GE HealthCare is a good business in the middle of a proving period. The company has real strengths: a broad installed base, global service reach, strong positions in imaging and diagnostics, rising exposure to software and recurring revenue, and a product pipeline that looks meaningful rather than cosmetic. The numbers support that view. Revenue reached $20.63B in 2025, free cash flow was about $1.51B, backlog hit a record $21.8B, and PDx plus AVS continue to show attractive momentum.

The issue is that the path is not perfectly smooth. Q1 2026 showed that tariffs, supplier friction, and inflation can still knock margins off course, and PCS remains a weak link. That keeps the stock from earning a premium valuation today.
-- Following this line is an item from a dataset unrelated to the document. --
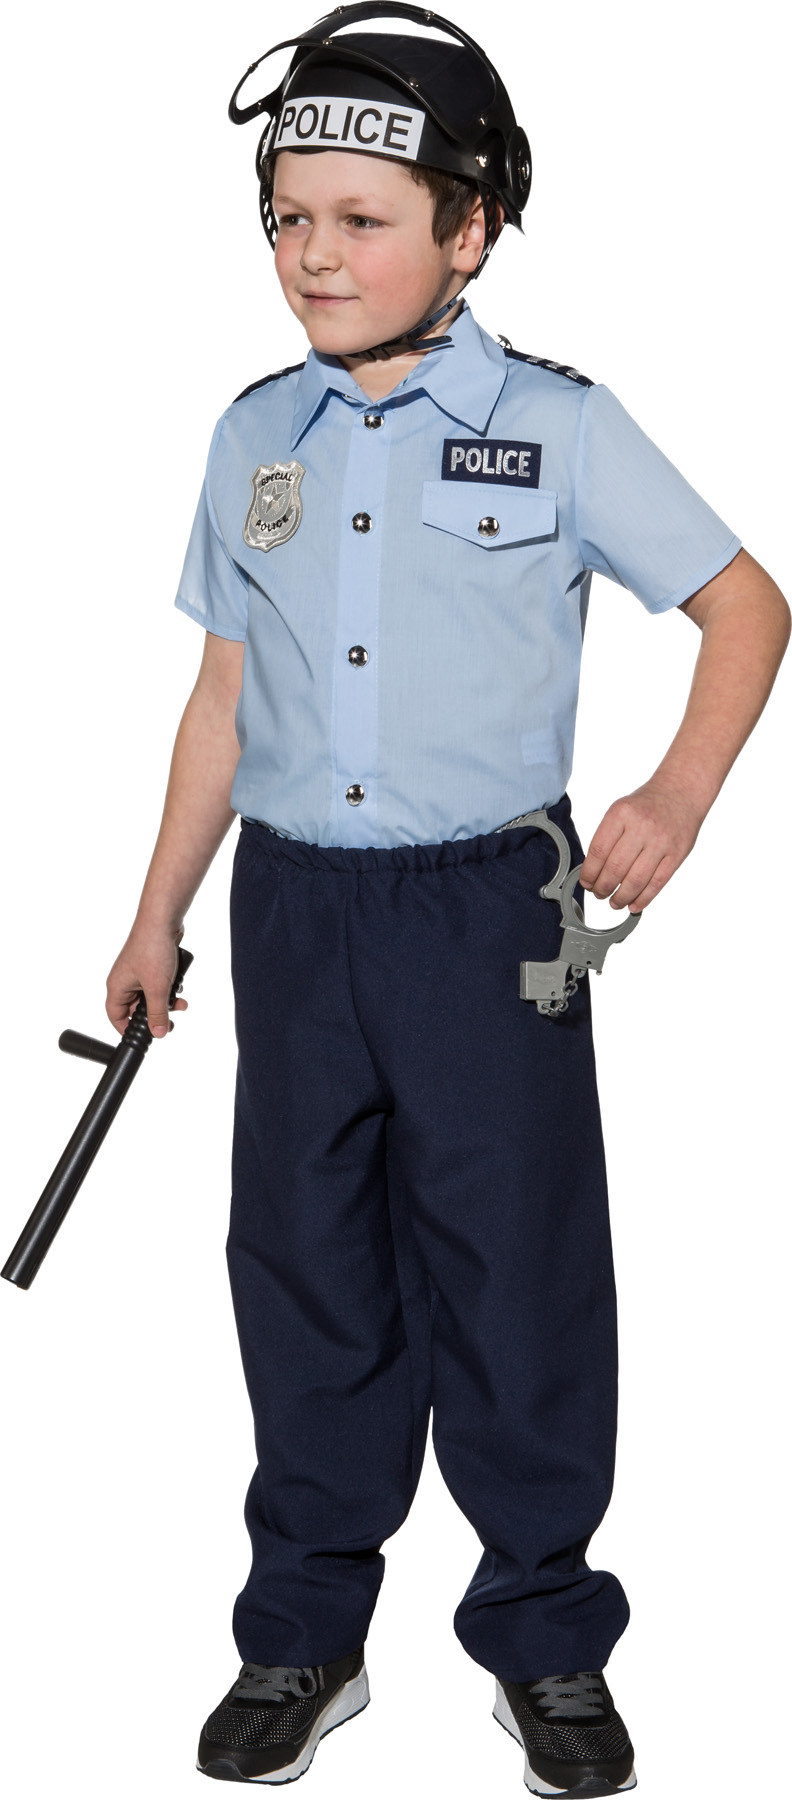 Police man

Still, at a forward P/E below 14x and with our fair value estimate of $88, GEHC offers a solid risk-reward profile for investors willing to hold through some operational noise.

In short, GEHC is not a moonshot and does not need to be. It is a large, durable medtech platform with enough growth drivers to compound value if management executes. For a moderate-risk investor with a medium-term horizon, that is a setup worth owning, not merely admiring from a distance.
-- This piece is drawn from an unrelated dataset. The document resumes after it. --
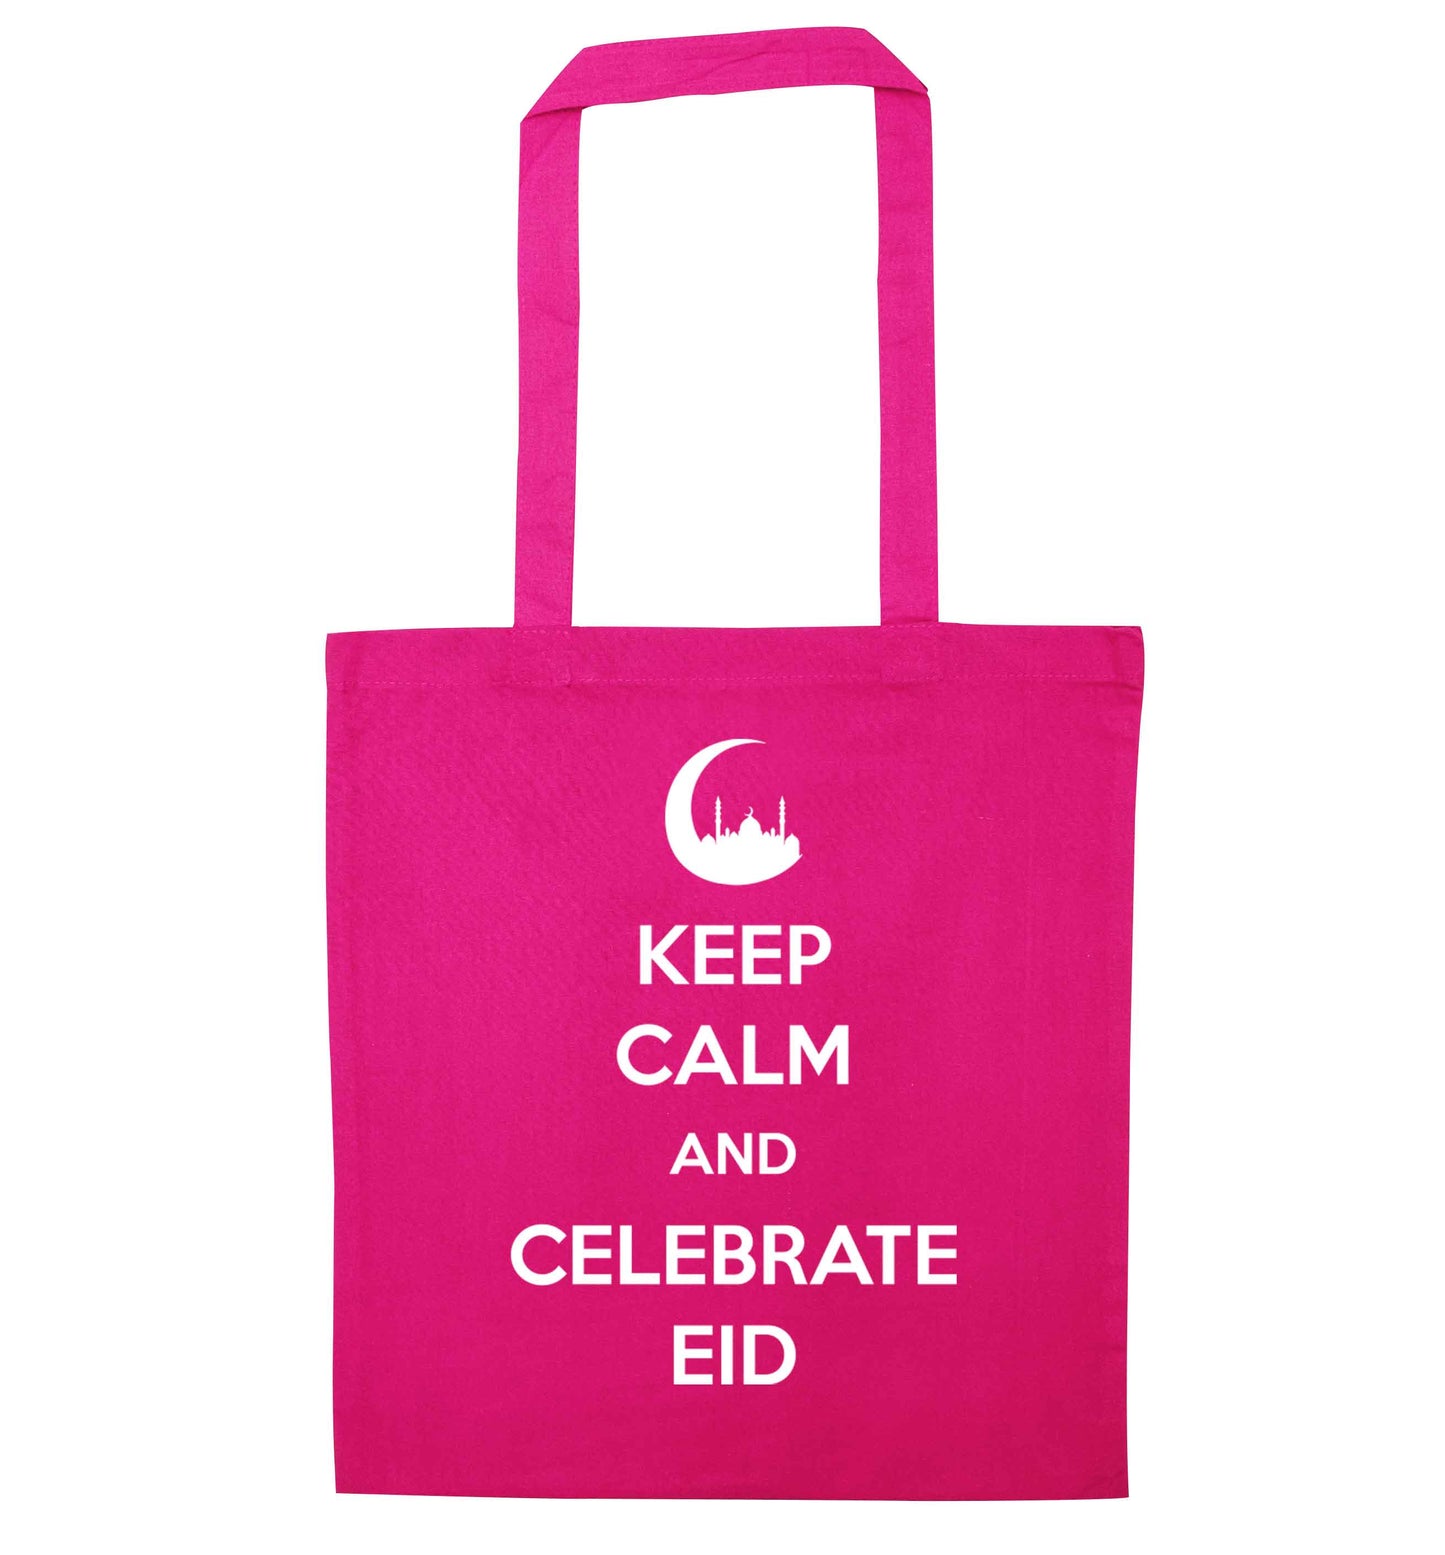 Keep calm and celebrate Eid pink tote bag

Frequently Asked Questions

+Is GEHC stock a buy right now?

Yes, GEHC looks like a Buy right now. The company has a record $21.8B backlog, a 1.07x trailing 12-month book-to-bill ratio, and meaningful free cash flow, but investors should expect some margin volatility as tariffs and supplier issues work through the model.

+What is GEHC's fair value?

GE HealthCare's fair value is $88. We arrive there by weighing its 13.9x forward earnings multiple, the company’s backlog-supported revenue base, and the mix shift toward higher-growth PDx and higher-margin AVS, while still discounting the near-term margin pressure in PCS and Imaging.

+Why did GEHC's margins weaken in 2026?

Margins weakened because tariffs, inflation, and supplier friction hit the cost structure, while PCS and Imaging absorbed the most pressure. In Q1 2026, adjusted EBIT margin fell to 13.5% from 15.0% a year earlier, and management lowered full-year EBIT margin guidance to 15.4%-15.7%.

+Which GEHC segment is growing the fastest?

Pharmaceutical Diagnostics is the clearest growth engine, with Q1 2026 revenue up to $770M and organic growth of 9.7%. AVS is also strong, posting 4.4% organic growth and a 22.3% EBIT margin, while PCS remains the weakest segment.

+What is the biggest risk to GEHC stock?

The biggest risk is that margin recovery takes longer than expected, especially if tariffs, supplier issues, and delayed PCS installations keep weighing on profitability. PCS EBIT fell to just $10M in Q1 2026, showing how quickly execution issues can hit earnings.